Studies are complete and a contract for a six-to-nine-month stabilization project may be awarded as early as this month, said District Engineer Walter Lyons of the Mississippi Department of Transportation.
Unstable soil in the area has been a problem since the four-lane highway was constructed in the 1960s to reroute highway traffic from Warrenton Road.
When the stretch of southbound highway was last sloughed and closed in early 2004, the state said no repairs would be made until the problem could be thoroughly studied and lasting repairs could be made.
Warren County Board of Supervisors President Carl Flanders, in whose District 4 the section lies, asked Lyons for a status report on the project.
“These studies have been completed and plans have been developed for a project that will use a system of tie-back anchors to stabilize the existing embankment,” Lyons said in a letter responding to Flanders’ request.
“These anchors are basically cables that will be placed inside casings drilled through the failing soils and founded in an underlying solid material. These anchors will be in a series of rows parallel to the roadway down the embankment slope. Pressure to stabilize the soil will be applied to the cables and maintained by anchor plates embedded in concrete blocks at the surface of the soil.”
The anchors “may go a couple of hundred feet” deep into the soil, Lyons wrote.

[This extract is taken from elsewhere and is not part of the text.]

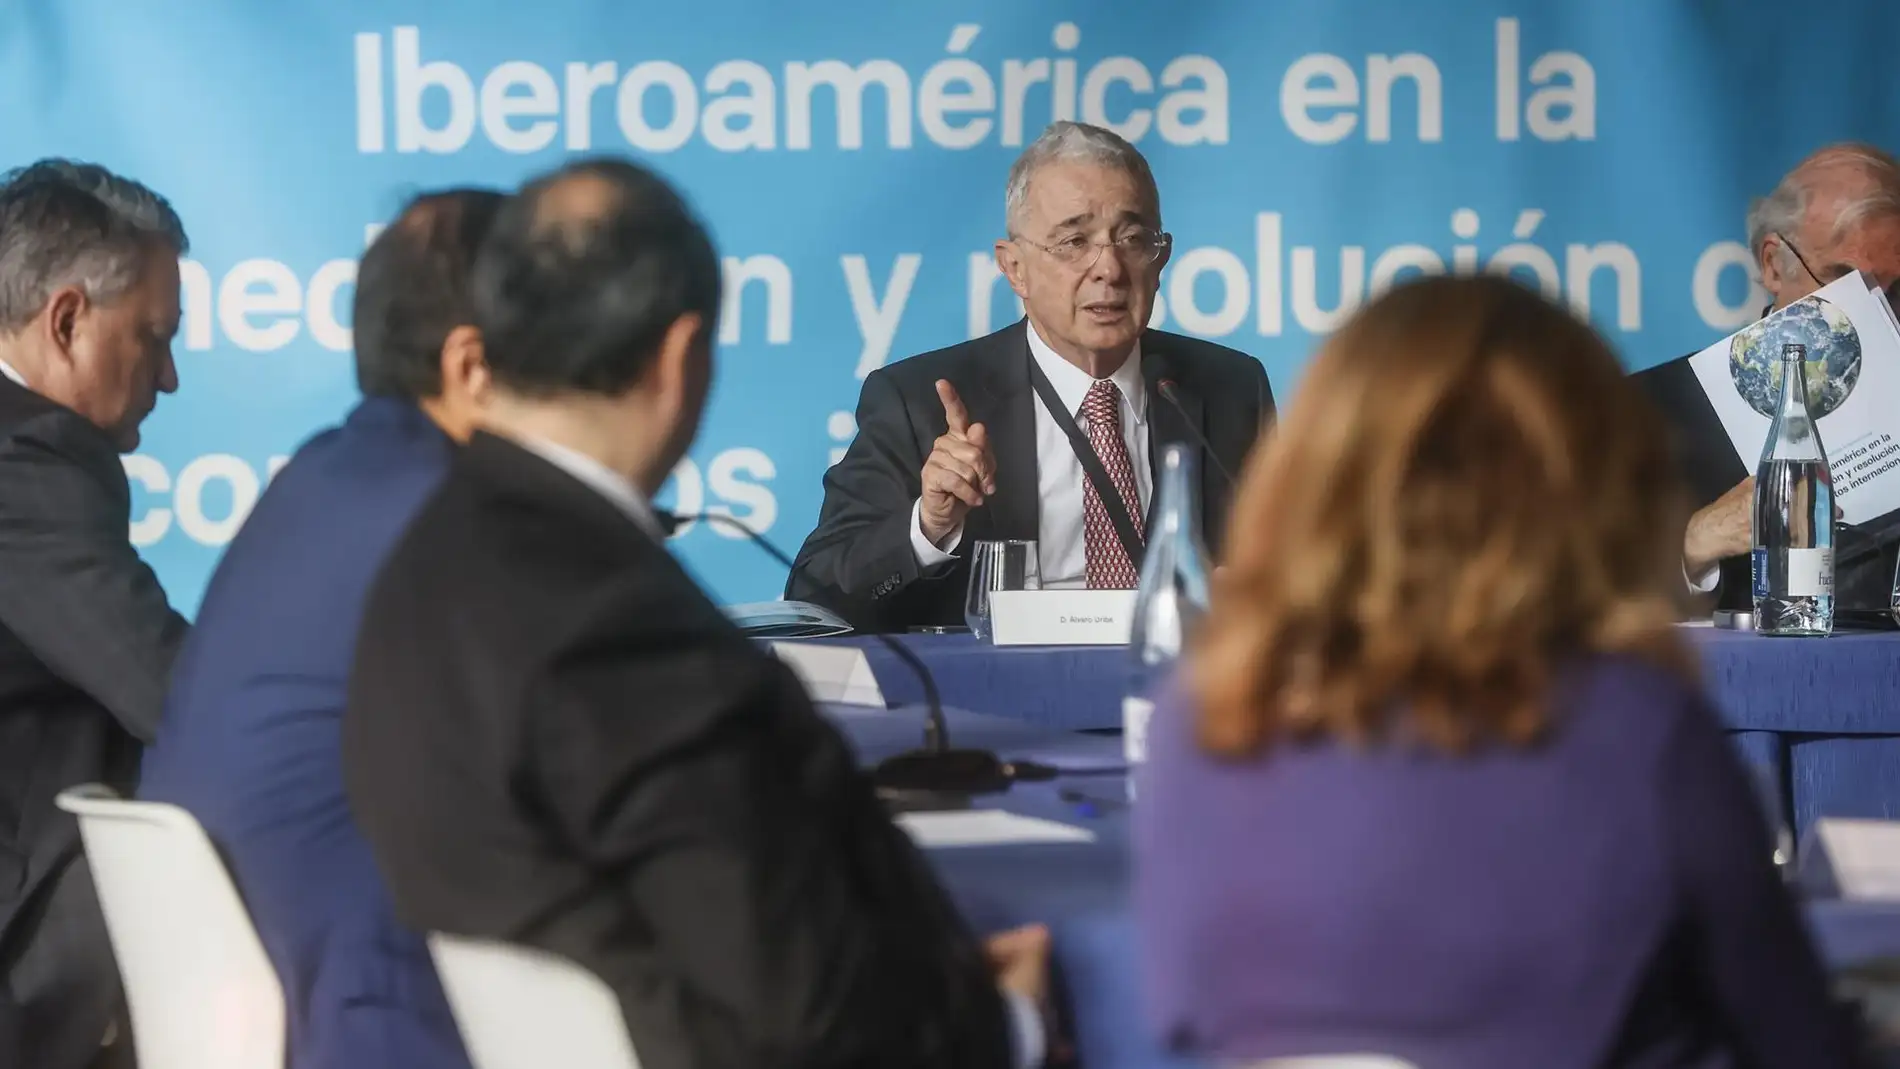 El expresidente de Colombia Álvaro Uribe interviene en la inauguración del I Foro Internacional 'Iberoamérica en la mediación y resolución de conflictos internacionales', en el Palacio de la Exposición de Valencia. - 
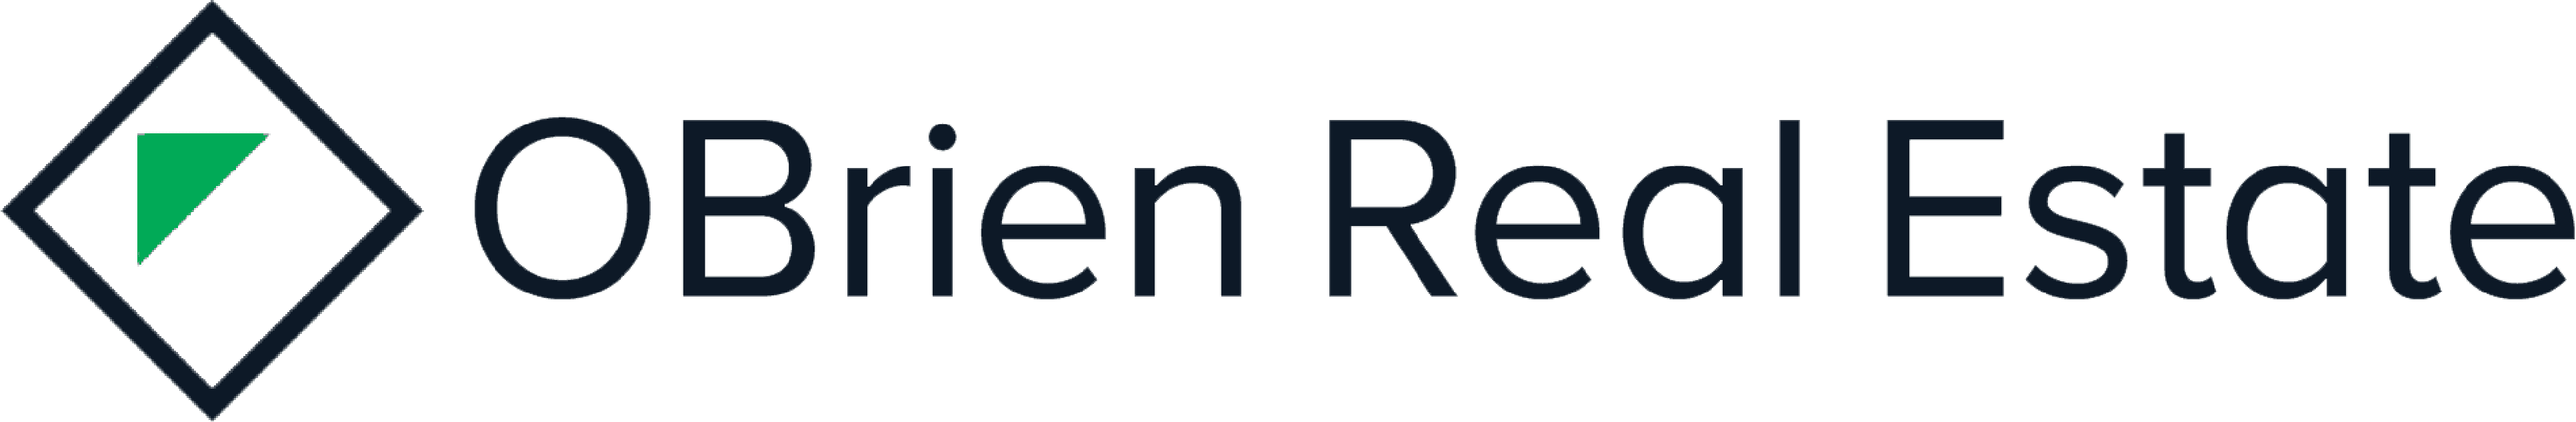 OBrien real estate agency

Once that project is complete “it is very likely that the southbound lanes can be made temporarily usable once the initial project is completed,” Lyons wrote.
Further stabilization using additional anchors may be required “but this work will require acquisition of additional right-of-way, a process that can take a lengthy time. These additional anchors and complete restoration of the roadway and pavement will be undertaken once the right-of-way is acquired,” Lyons wrote.
No cost estimate for the work was in the letter.